Dodgers Recap: Kersh leads the way as LA pulls into First Place Tie with Friars
Game 122, 8/15/2025: Dodgers 3, Padres 2

CHAVEZ RAVINE — If the Dodgers were rattled by waking up in second place, Clayton Kershaw made sure nobody noticed.
The lefty looked every bit the big-game tone-setter, carving through the Padres with tempo and command. He punched out Luis Arraez and Manny Machado in a crisp first, shrugged off Laureano’s solo homer in the second, and then settled into a groove—soft flies, routine grounders, and a rally-killing double play from Arraez in the sixth to slam the door on San Diego’s last real threat against him. He needed just 76 pitches to complete six innings, allowing one run on two hits.
That gave the offense time to manufacture an answer. Trailing 1–0 in the third, the bottom of the order sparked it: Michael Conforto shot a single to right, Alex Freeland followed with another to right, and Miguel Rojas dropped a perfect bunt single to load the bases with nobody out. The top didn’t exactly explode, but it didn’t have to—Shohei Ohtani grounded into a force that plated the tying run, and Mookie Betts lifted a sac fly to center to bring Freeland home for a 2–1 lead. No hit with runners in scoring position, two runs on contact plays—call it classic Dodger small ball at exactly the right moment.
From there, Kershaw handed a 2–1 game to the bullpen. Ben Casparius handled the seventh (workmanlike: two quick outs, a Merrill double, then a flyout), and the Dodgers grabbed an insurance run in the bottom half when Teoscar Hernández jumped a pitch and rifled a solo homer to center for a 3–1 cushion. It turned out to be the swing of the night.
The eighth was the wobbly inning. Alex Vesia came in and immediately hit José Iglesias and Jake Cronenworth. A well-executed sacrifice put the tying runs in scoring position, and after a walk to Fernando Tatis Jr., Arraez’s sac fly sliced the lead to 3–2 and brought Machado up as the go-ahead run. Blake Treinen got the call and induced a sky-high pop to Mookie Betts at short to end it—massive out.
With a depleted ‘pen, Alexis Díaz took the ninth. He struck out Xander Bogaerts, gave up a single to Jackson Merrill, then got Laureano swinging for the second out. At that point, Dave Roberts played the matchup card and summoned lefty Jack Dreyer, who recorded the final out to lock it down in front of 53,119 at Chavez Ravine.
What stood out
- Kershaw’s poise after the mistake: After the Laureano homer, he retired 12 of the next 14 he faced, including that tailor-made 6th-inning double-play ball to Arraez that erased a leadoff single. That’s veteran problem-solving at its finest.

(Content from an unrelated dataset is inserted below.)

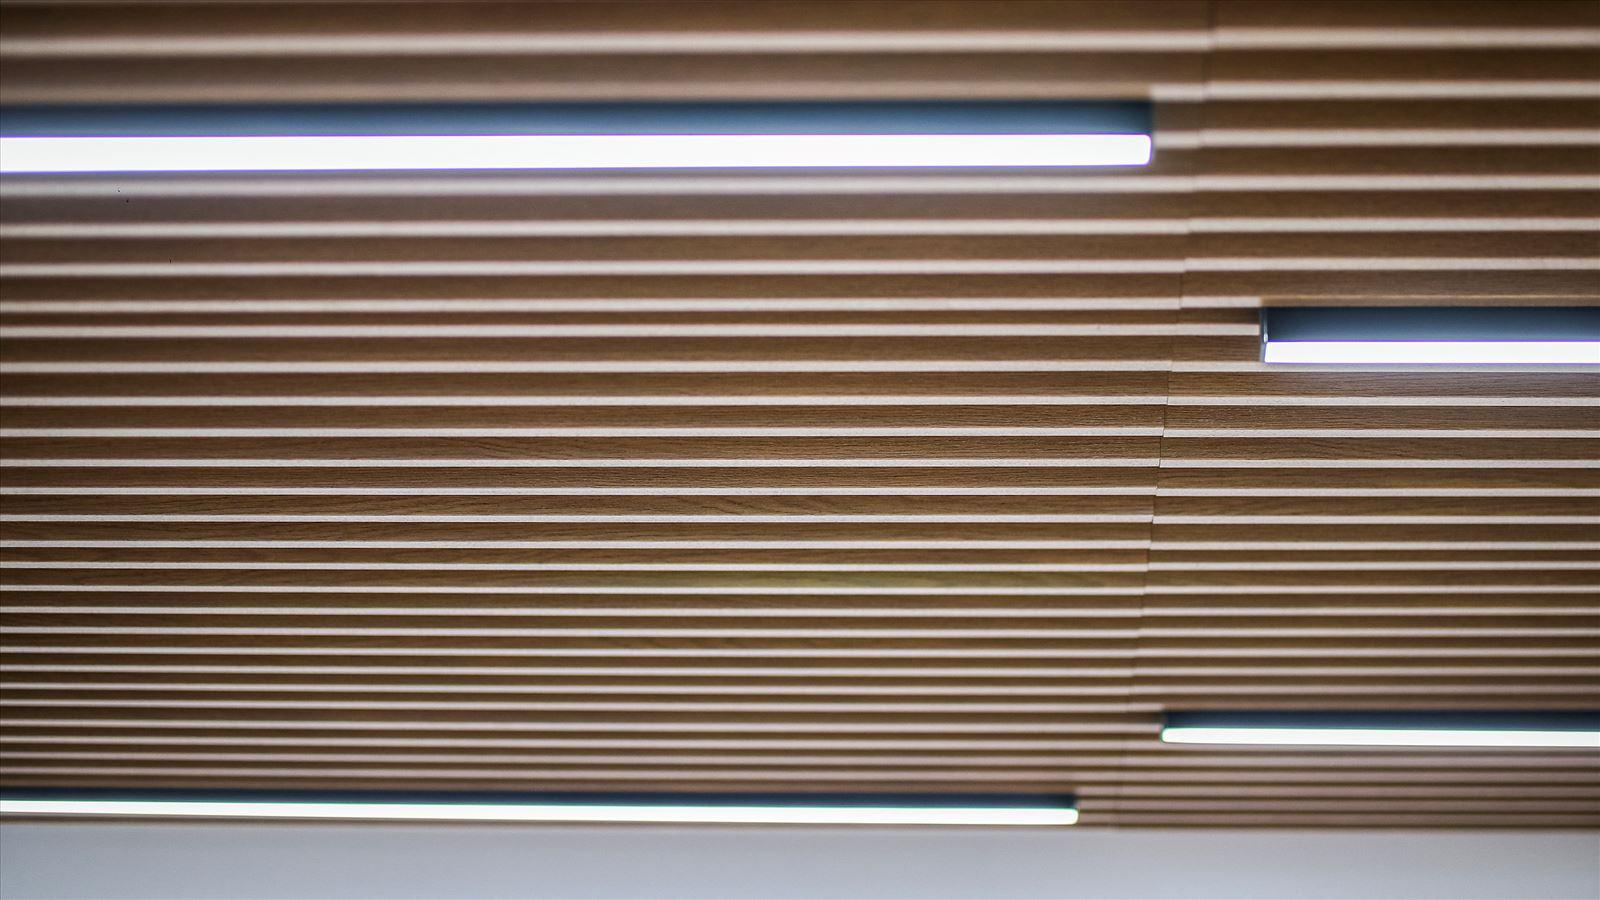 Pie Technology Office - תאורת תקרה על ידי קמחי תאורה

- Bottom feeding: Conforto, Freeland, and Rojas set the table for the two-run third. On a night when the top three (Ohtani/Betts/Smith) produced only a sac fly and a walk, the margin came from the 7–9 spots doing the little things.
- Teo’s timing: The Dodgers finished with just four hits, but Hernández’s 7th-inning shot gave the bullpen the breathing room it needed. That swing changed the leverage math the rest of the way.
- Late-inning triage: It wasn’t pretty—HBPs, a walk, a sac fly—but Treinen’s one-pitch escape and Dreyer’s last out preserved the win. If the Dodgers are running light down there for a few days, these matchups and quick hooks are going to matter.
The stakes and what’s next
The victory pulls the Dodgers level with the Padres in the NL West and flips the pressure back toward San Diego with two left in the set. Saturday is a marquee duel: former Padre Blake Snell gets the ball for L.A. against Dylan Cease. First pitch is 6:10 p.m. PT at Dodger Stadium. Win that one, and the Dodgers move into sole possession of the division lead heading into Sunday’s matinee.
Play of the Game: Teoscar Hernández’s solo homer in the 7th. In a one-run grinder with limited traffic, that extra tally was the difference.
Stat of the Night: The Dodgers didn’t record a hit with RISP, yet still produced two runs via a forceout and sac fly—small ball in a big game.
Buckle up—the pennant race officially arrived on Friday night, and the Dodgers answered the bell.